Вильгельм запнулся — нужно ли прибегать к этому слову уже сейчас? Императору чудится, будто оно уже само влечет за собой претворение своей зловещей сути в реальность.

Канцлер безошибочно подмечает, на каком месте глаза кайзера остановились. Что, если он сейчас поднимет голову и взглянет на меня? Хотя текст был в принципе с императором согласован, сейчас у него едва ли не последняя возможность ясно сказать, чего он на самом деле хочет. Ведь ясно, что войны он хотел, пока она не стояла у порога, а теперь боится ее. Но, кажется, еще больше он боится признаться в этом.
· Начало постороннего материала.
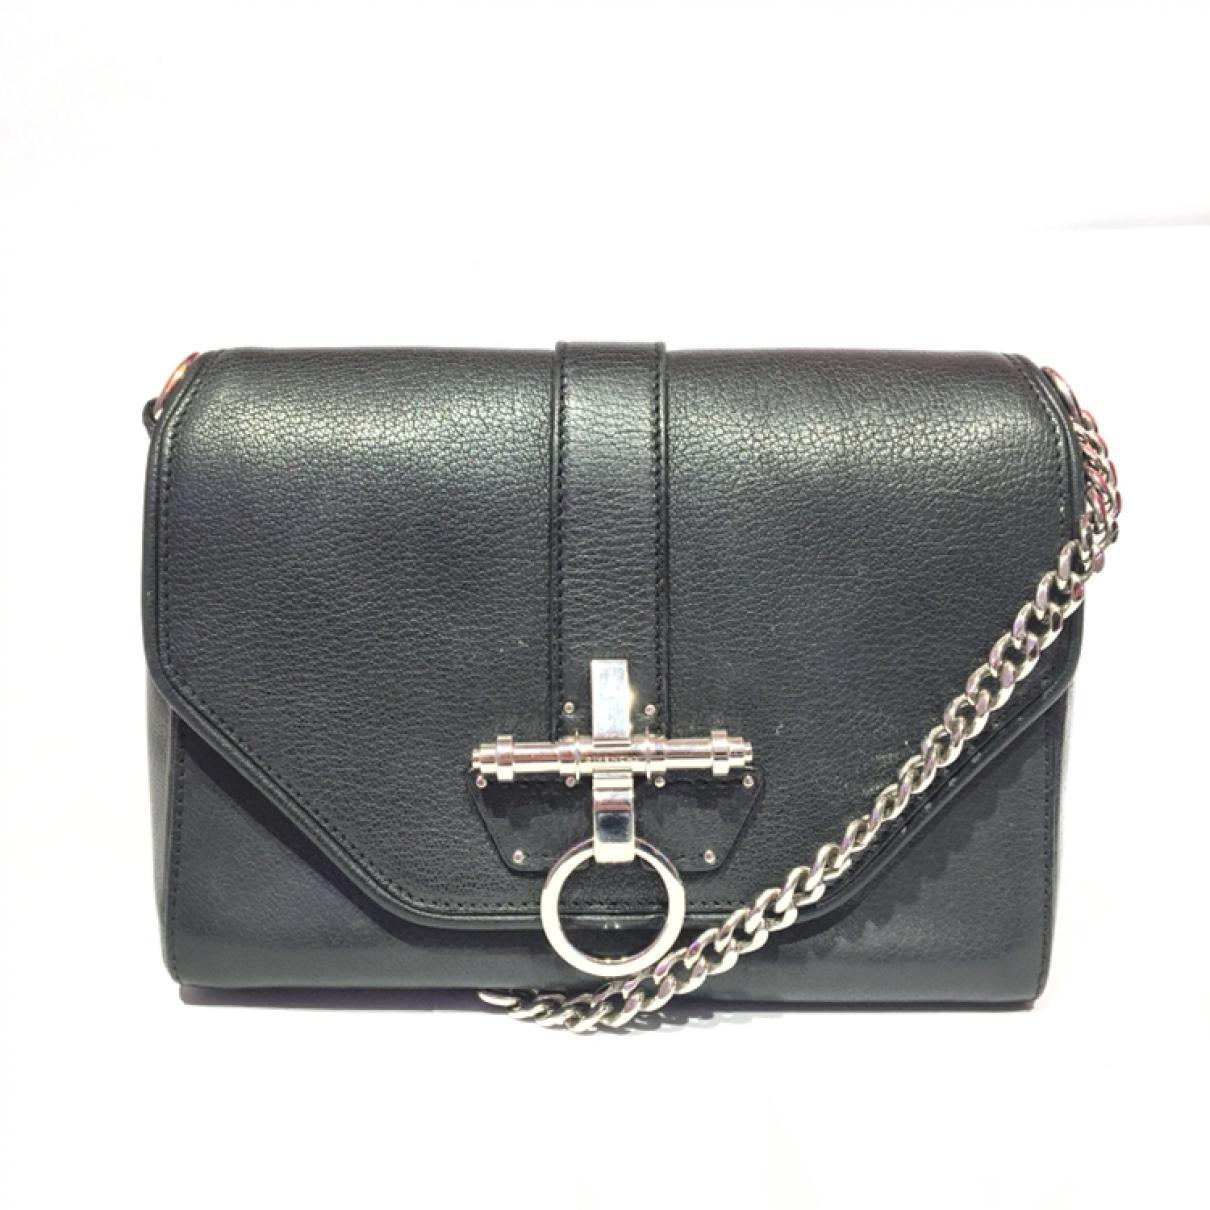 In Givenchy Black Lyst Leather Handbag Obsedia xeWrBodC
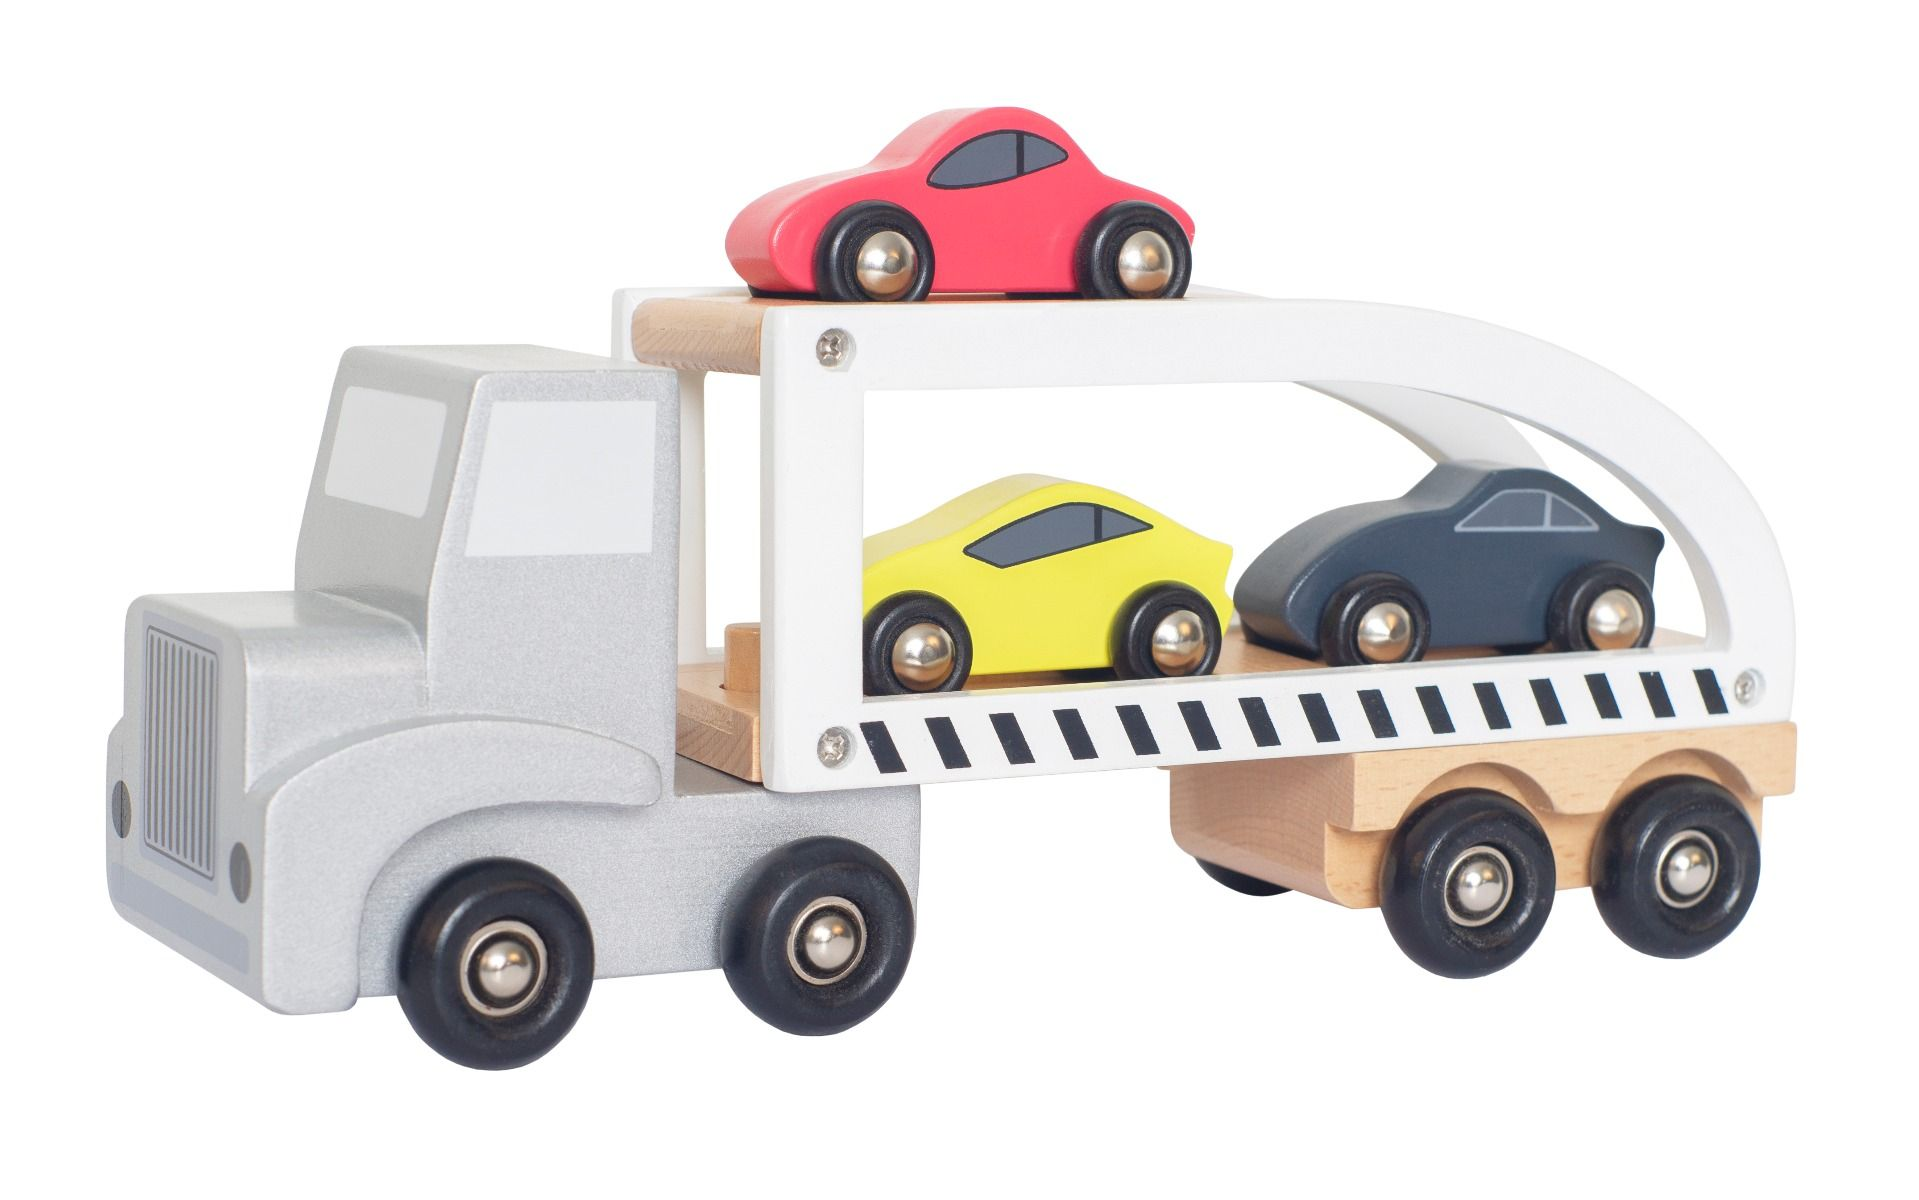 Holz Auto Truck Transporter mit Sportautos

Губы канцлера исчезают между седыми усами и короткой растительностью на подбородке. Он так и думал: император уже читает дальше…

Теперь Вильгельм просиял:

«Мы предоставили Австрии полную свободу действий в отношении Сербии. В ее приготовлениях мы не принимали никакого участия…»

Да, вот это правильно! Это необходимо особо подчеркнуть, поскольку это прямо связано с вопросом об ответственности и за дальнейшие решения! Лишь теперь Вильгельм II взглянул на рейхсканцлера:

— И еще не забудьте специальной депешой уведомить о том, что мы вообще не были заранее ознакомлены с текстом австрийского ультиматума Сербии. Тем более что это действительно соответствует истине. Лишь после того, как австрийский посол вручил в Белграде ноту, о ее содержании проинформировали и нас. То есть тогда же, когда и Сербию!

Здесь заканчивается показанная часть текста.